= I-Space (conceptual framework) =

Framework by Max Boisot for knowledge management

The Information Space or I-Space is a conceptual framework relating the degree of structure of knowledge (i.e. its level of codification and abstraction) to its diffusibility (i.e. how, why, and at what rate it spreads) as that knowledge develops.

== History ==
The model was developed by Max Boisot, and the I-Space framework has been acknowledged as an early influence on the development of the Cynefin framework.

== Use ==
This results in four different types of knowledge.
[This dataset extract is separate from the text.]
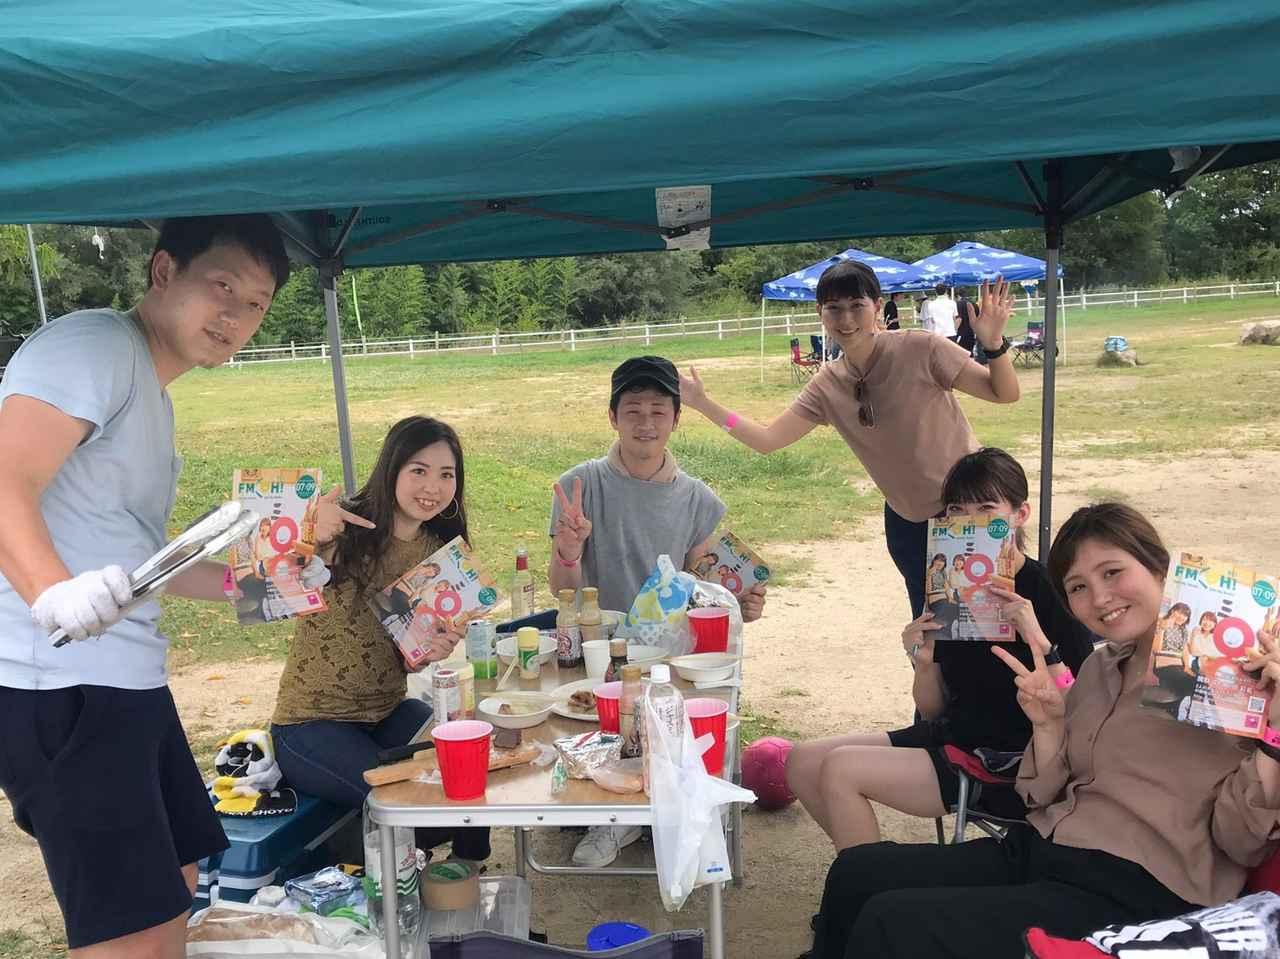 画像4: 8月16日:「大阪王 presents 彩名が行く!餃子世界化計画」

- Public knowledge, such as textbooks and newspapers, which is codified and diffused.
- Proprietary knowledge, such as patents and official secrets, which is codified but not diffused. Here barriers to diffusion have to be set up.
- Personal knowledge, such as biographical knowledge, which is neither codified nor diffused.
- Common sense – i.e. what ‘everybody knows’, which is not codified but widely diffused.

== Representation ==
The I-Space model is commonly shown as a cube with three axes: abstraction, codification and diffusion. This cube as such spans a three-dimensional "information space". The curve draws a social learning cycle, showing how as knowledge is increasingly moved from concrete experiential Zen type knowledge (insights which can occur suddenly, often equated with a kind of enlightenment) to codified highly abstract (expert language etc.), where it is increasingly easy for it to diffuse independently of the knowledge holder. Once internalised it moves back to the concrete.